Vous l'aurez compris, si j'étais partagée sur le premier tome mais avec une note positive de façon globale car j'espérais beaucoup de la suite, ce second tome de Wish m'aura faite passer du perplexe au total désarroi. Plus j'avançais et moins j'appréciais. Même les quelques rebondissements en fin de tome n'ont pas su relever le niveau et me donner envie de poursuivre l'aventure... C'est dommage car sur le papier, il y avait tout pour me plaire... (même moins de scène de sexe, même si elles sont BIEN présentes). Mais je reste sur une cruelle déception...

par Carole94P
Play Hard, Tome 1 : Hard to Handle Play Hard, Tome 1 : Hard to Handle
K. Bromberg   
https://callysseblog.wordpress.com/2021/04/27/play-hard-tome-1-hard-to-handle-de-k-bromberg/

Une série portée par quatre sœurs, agentes dans le milieu sportif? Pourquoi pas! Et puis lire une romance de K. Bromberg, autrice que je ne connais pas mais dont je vois tourner les titres, me titillait depuis un moment.

Bon, ce ne fût pas un coup de coeur mais la lecture, bien que très classique, était plutôt bonne. Pourtant, elle a mal démarré. Honnêtement, je n’allais que de déception en déception au début. Déception de rencontrer une héroïne assez froide ayant une relation plutôt compliquée avec ses sœurs. C’est plus la rivalité qui les anime que l’amour. Rien de bien méchant mais je ne les ai pas vraiment senties très unies pour des sœurs qui s’investissent dans la même agence familiale. Enfin, du moins au début, ça s’améliore un peu par la suite même si cela reste très timide. Moi qui m’attendait à rencontrer quatre sœurs solidaires et bienveillantes entre elles, j’ai été très surprise par leurs rapports chien-chat. Déception aussi par les retrouvailles entre Dekker et Hunter. Tout allait trop vite et je n’y comprenais pas grand chose. J’ai mieux compris ces scènes par la suite mais sur le coup, je les ai détesté. Surtout qu’à côté de la froideur de Dekker, il y avait la colère et la fatigue d’Hunter. Je n’étais donc pas vraiment dans de bonnes conditions pour apprécier cette romance et ses héros. Mais je leur ai laissé une chance et j’ai bien fait!
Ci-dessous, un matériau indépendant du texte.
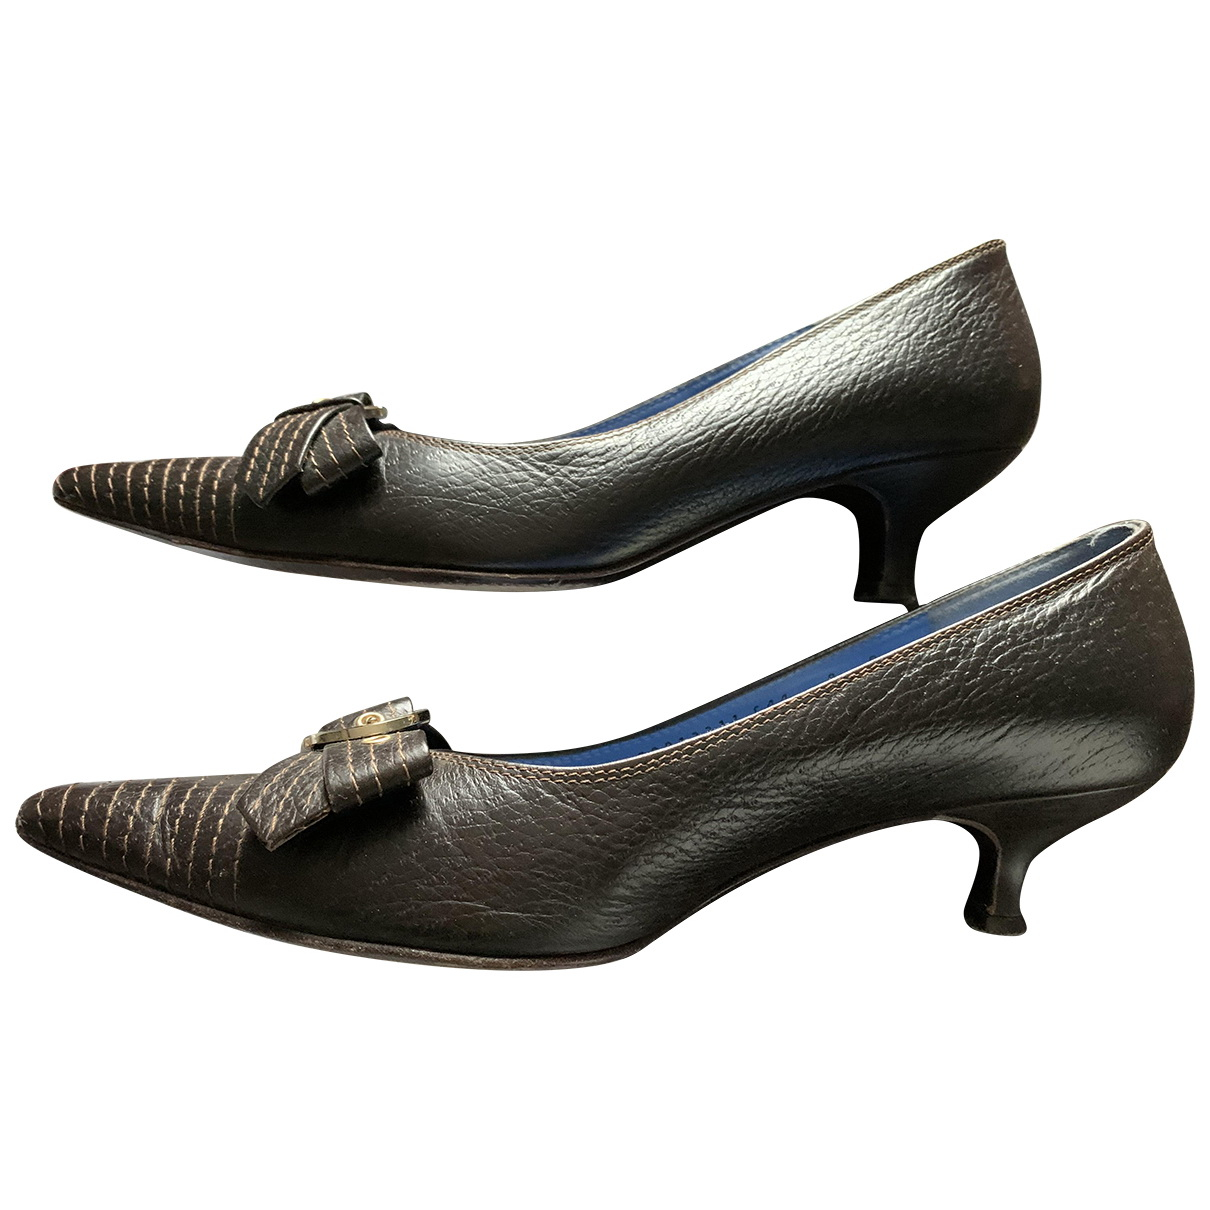 Salvatore Ferragamo N Brown Leather Heels for Women 38 EU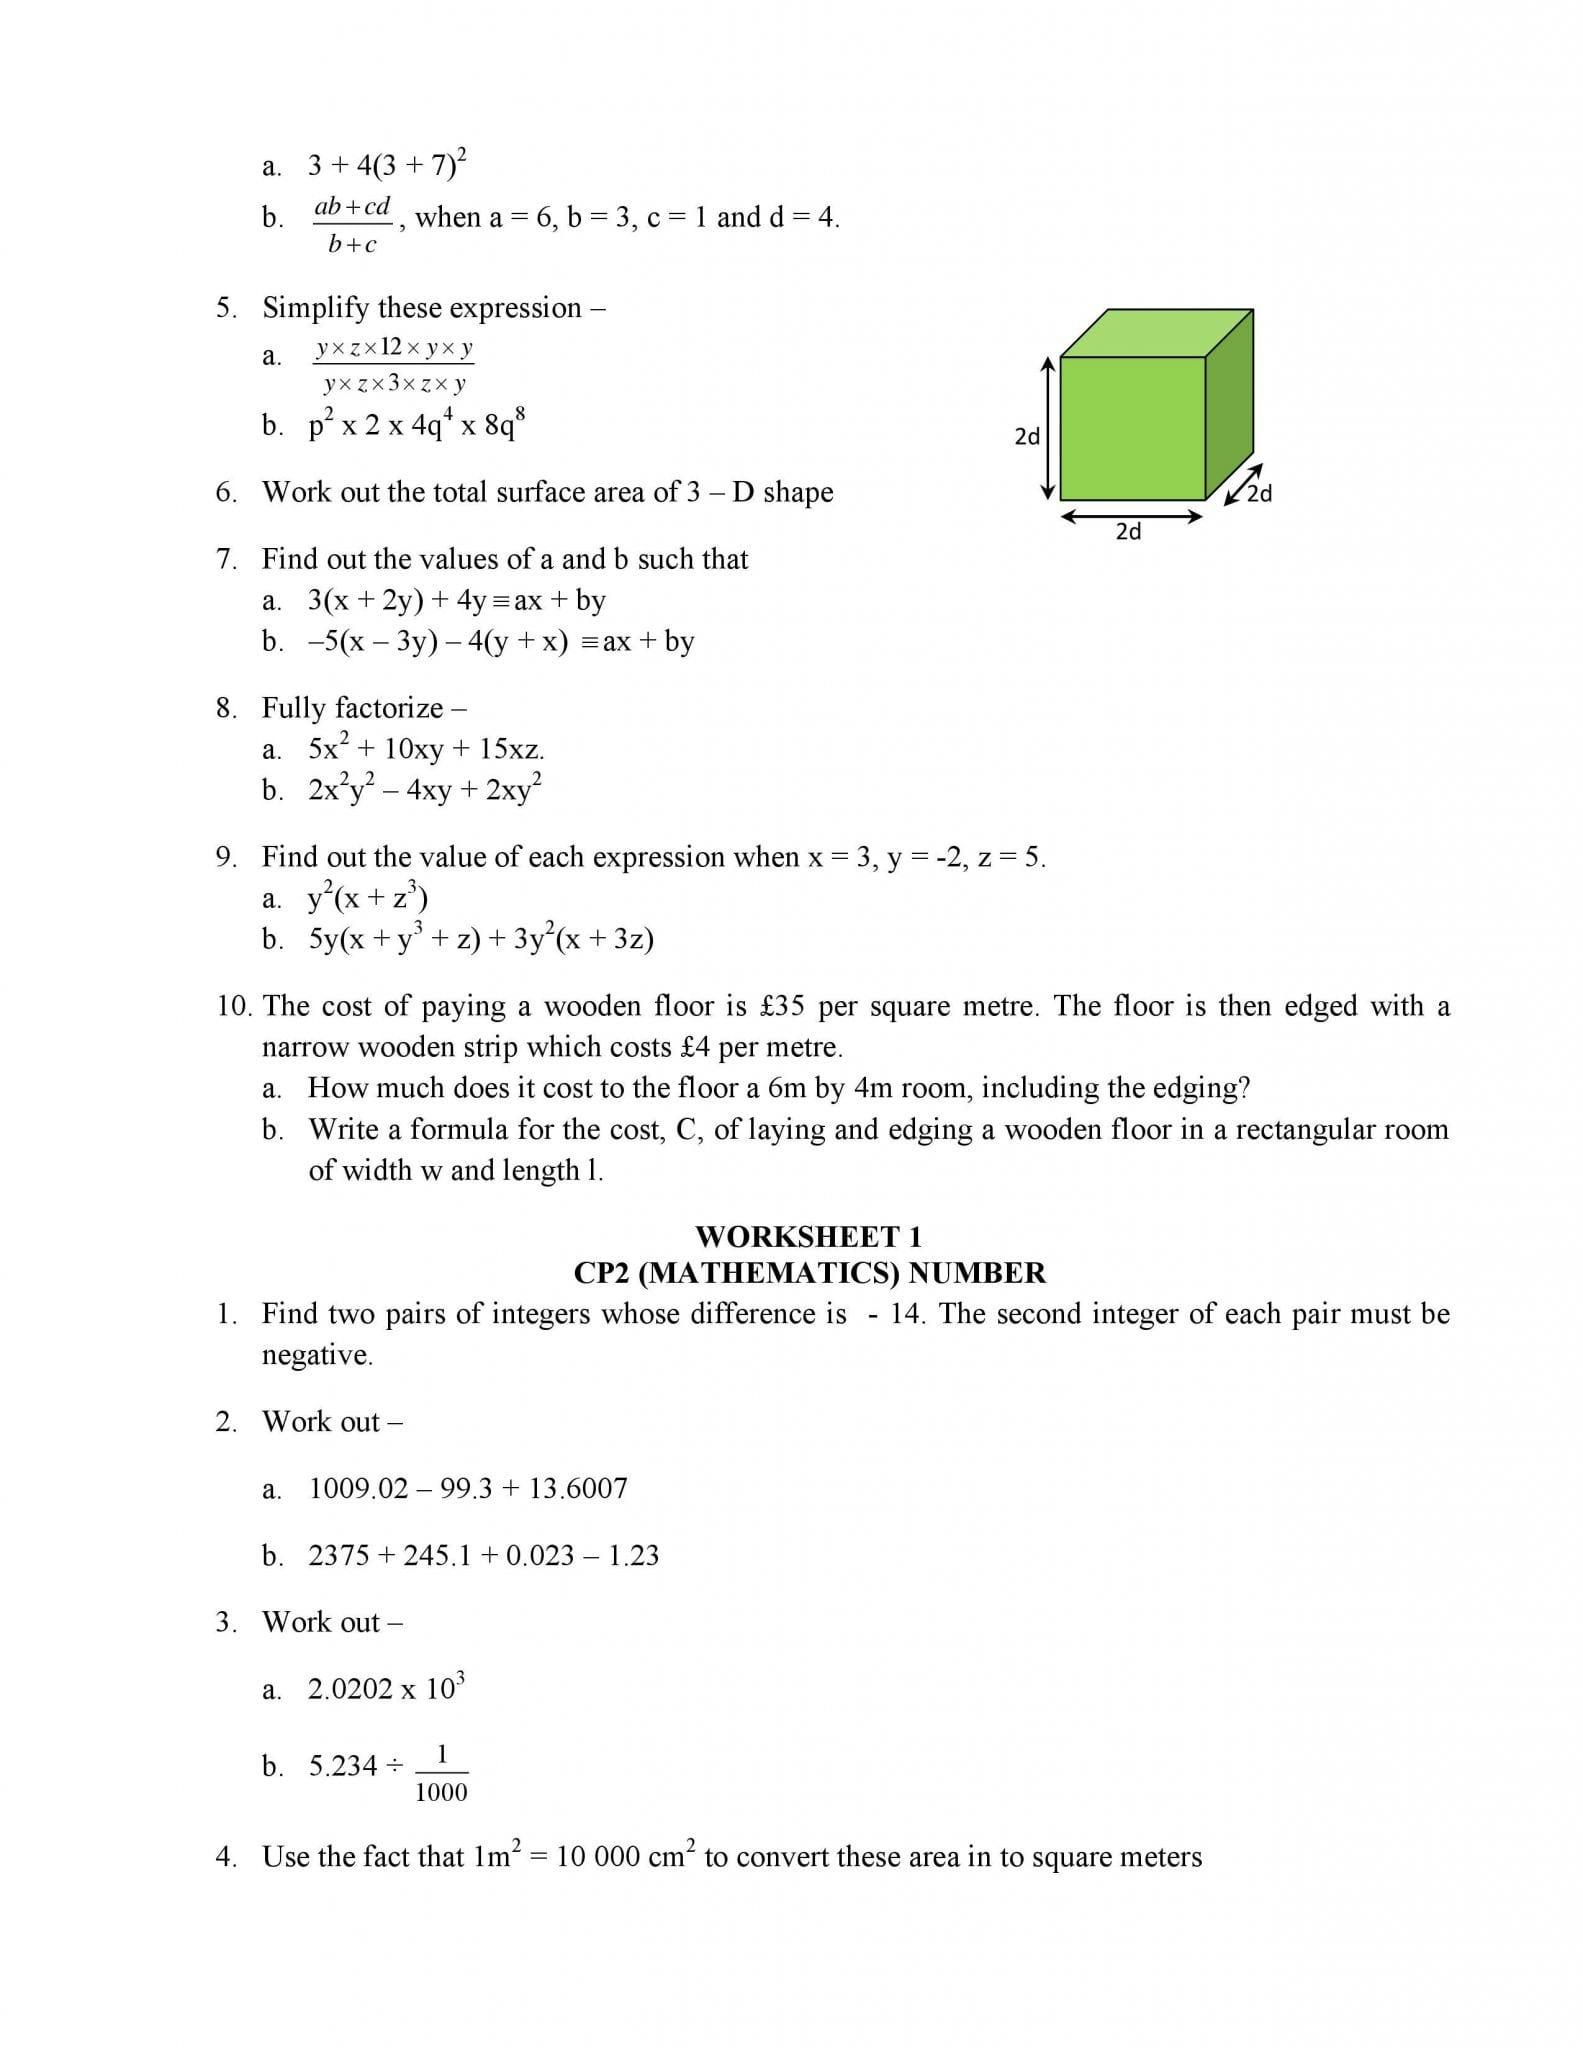 Algebra 1 Worksheet 15 Translating Expressions Answer Key

J’ai fini par être accrochée par l’histoire d’Hunter. Pourtant il n’y a rien de vraiment nouveau là-dedans, ce n’est pas la première fois que je vois cette thématique ni ces relations conflictuelles abordées dans une romance. Mais, sans que je ne sache trop pourquoi, ça m’a pris aux tripes. Plus j’en apprenais sur lui et plus j’étais en colère contre ses proches, son agent, ses dirigeants. Il y avait tellement de violence dans certains actes, certaines paroles! Ca m’a choquée qu’on puisse en arriver là, je sais que cela existe, mais je ne comprends pas comment on puisse agir comme ça. C’est destructeur, dévastateur et Hunter est bien trop bon envers ces personnes. Et plus je m’attachais à lui, plus j’appréciais Dekker pour l’aide qu’elle lui apportait. J’ai aimé le voir remonter la pente grâce à elle et réussir à mettre des mots sur ce qui le hante et le bouffe depuis des années. Mon intérêt pour cette lecture a vraiment été porté par mon affection pour Hunter et son énorme volonté a obtenir ce qu’il désire pour l’être qu’il chérit le plus au monde. Le milieu des agents sportifs et du hockey sur glace sont par ailleurs plutôt bien amenés et encrés dans l’histoire.

Je ne pense pas avoir réellement vibrer pour la romance, ni pour l’histoire personnelle de Dekker. Parce que j’ai trouvé que c’était incohérent par moment la concernant. Je ne sais si c’est le fait de la traduction ou de l’histoire originale, mais j’ai notamment trouvé le dernier chapitre très mauvais. Je n’ai ni compris les réactions de Dekker (elle s’étonne de choses qui paraissaient évidentes depuis plusieurs chapitres), ni les enchaînements de scènes, ni les dialogues que j’ai trouvé mal écrits. Rien n’allait… Heureusement qu’il y avait un épilogue! Lui pour le coup était bon et m’a permis de fermer ce roman sur une bonne note.

Alors même si ce n’était pas la lecture du siècle et même si je n’arrive pas à faire la différence entre les 3 autres sœurs, je vais poursuivre la série. Ce premier tome était assez prometteur malgré tout. J’espère toutefois être davantage emportée par les histoires d’amour des prochains opus.